A lot of people got this right, but didn't do as well as they could have becasue they forgot one or the other type of fragmentation. A couple of people answered "it's one big file", which is technically correct, but isn't quite the answer I was expecting.
The characteristic of quick-fit important to this question is that it organizes the free list into blocks of fixed and increasing size. Unix i-nodes have the property that, as files get larger, the level indirection increases, from direct to single, double, and triple indirection.
The combination of i-nodes and quick-fit suggests that as the level of indirection grows, so should the size of the file blocks allocated at each level of indirection. For example, direct blocks linked out of the i-node would be one disk-block long; first-level indirect blocks would be two disk-blocks long, second-level indirect blocks would be four disk-blocks long, and so on.
Almost nobody got this correct, apparently because most people forgot what quick-fit is. The most popular wrong answer involved implementing some form of free list using i-nodes, which represents an abuse of both i-nodes and free lists.
The question of identity important in paging is the process needing the page, and possibly the process losing a page.

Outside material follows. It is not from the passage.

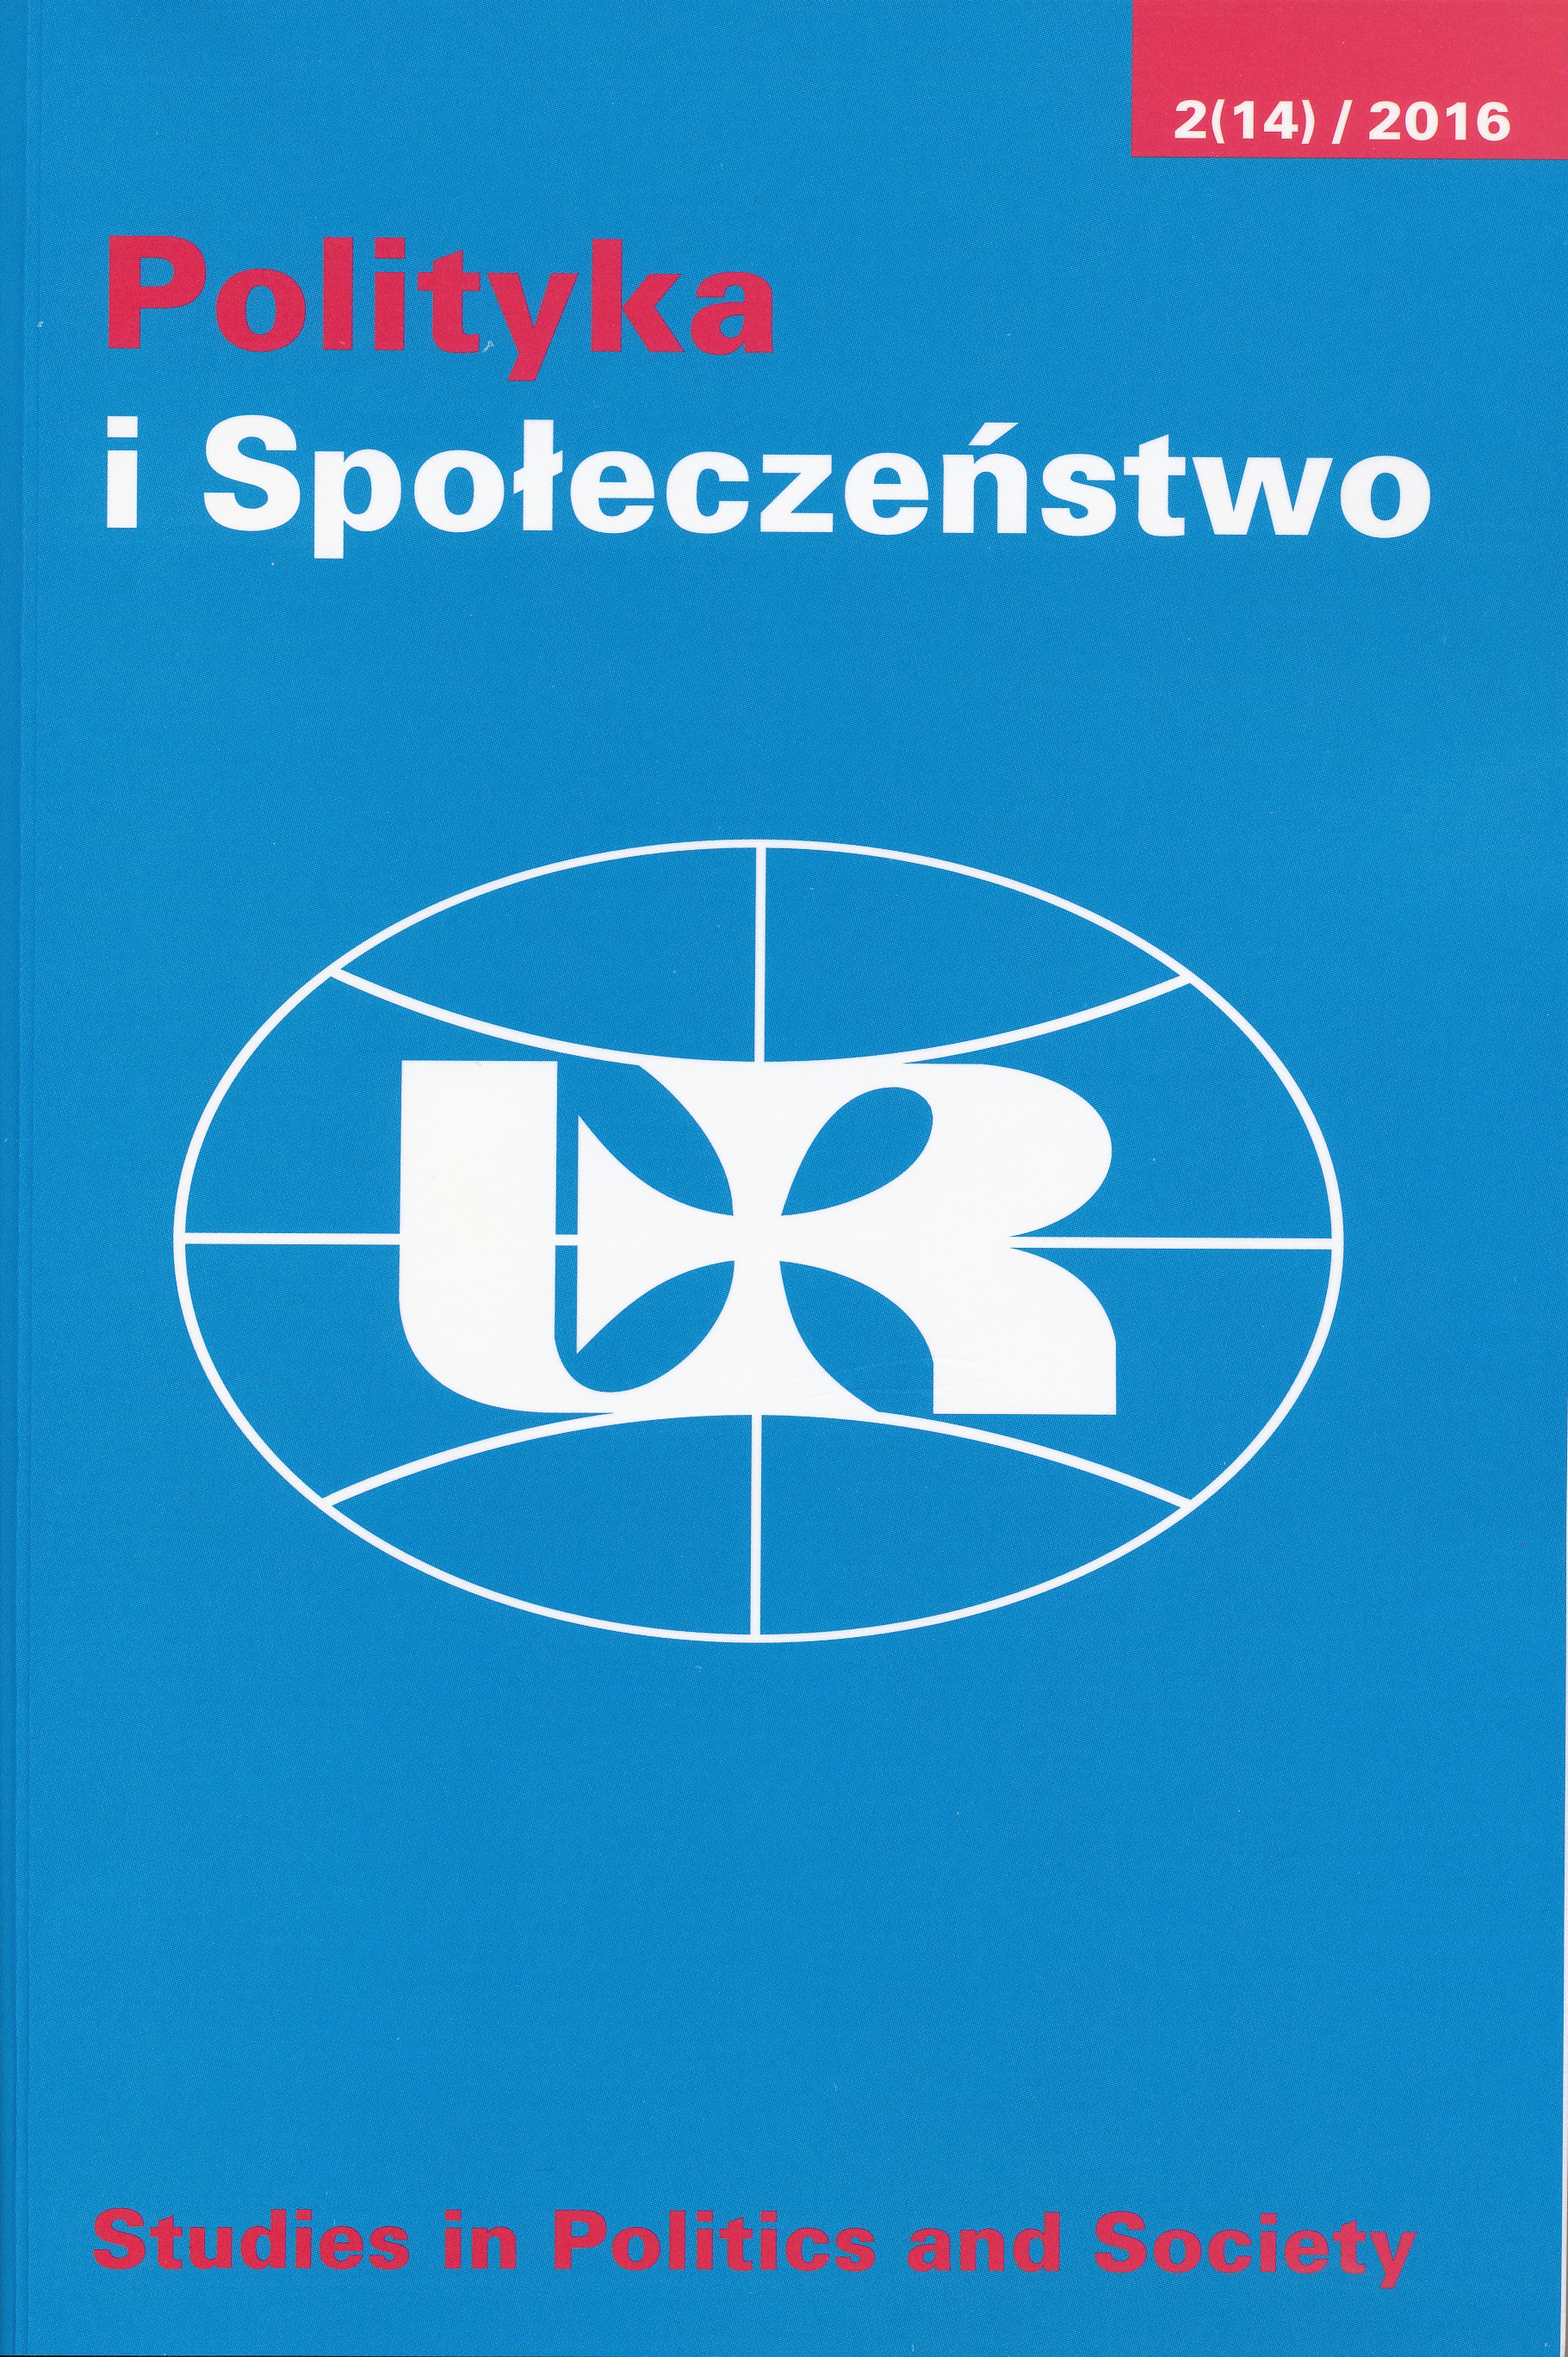 AN OUTLINE OF THE ISSUES OF OFFSET IN THE CONTEXT OF THE DEVELOPMENT OF THE POLISH DEFENSE INDUSTRY Cover Image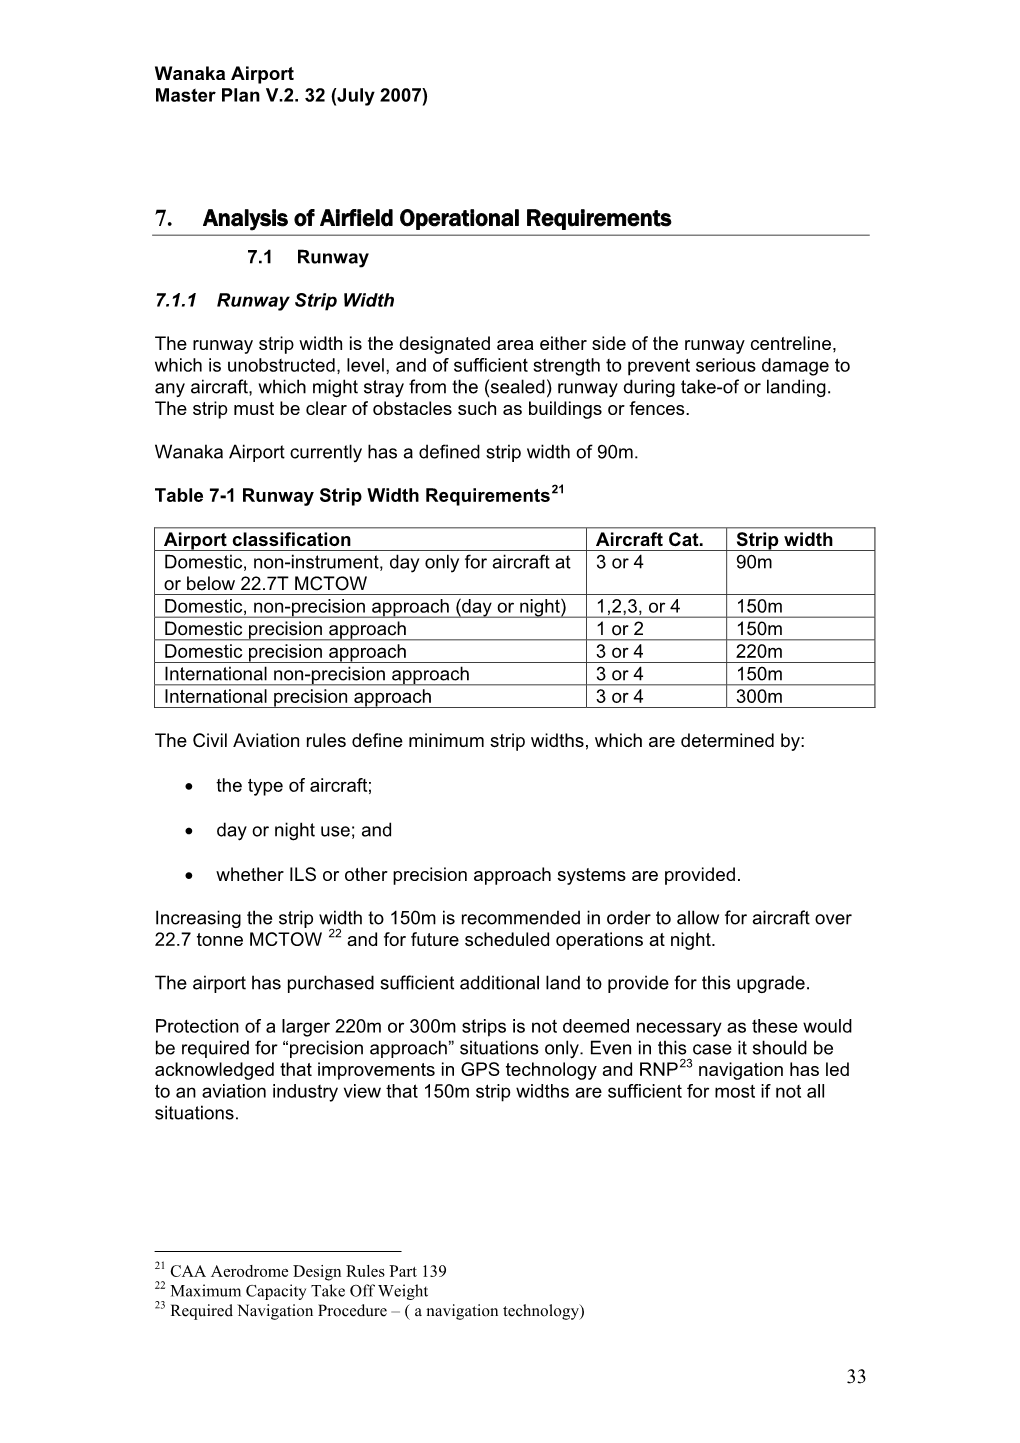 7. Analysis of Airfield Operational Requirements 7.1 Runway

Becuase process identities are internal and maintained by the operating system, there is no real need to authenticate identity. On the other hand, a page can be accessed in a number of ways: read-only, write-only, or for execution, and these may vary from process to process. It seems it's more appropriate for a page manager to worry about authorization than authentication.
Most people sorta got this one mostly correct, although the explanations were far from clear. A number of people confused the need to identify something (page, a page frame, a slot in the paging space) with the need to prove identity (authentication).
Assume each disk block can hold b units, where each unit is large enough to hold an disk-block index. Each disk block at the first level of indirection then refers to b*b consecutive units in a file. The block at the second level of indirection refers to b first-level indirect blocks.
Given p, the address of some unit in the file, the associated first-level indirect block can be found at floor(p/(b*b)) in the top-level indirect block. Within the first-level indirect block, the data-block index can be found at floor((p mod b*b)/b). Within the data block, the indexed word can be found at p mod b.
A number of people answered this question without a lot of detail ("First go to the top-level block, then go to the first-level block, then to the data block"); they didn't do as well as those people who actually described how to go from one block to another.
This page last modified on 22 August 2002.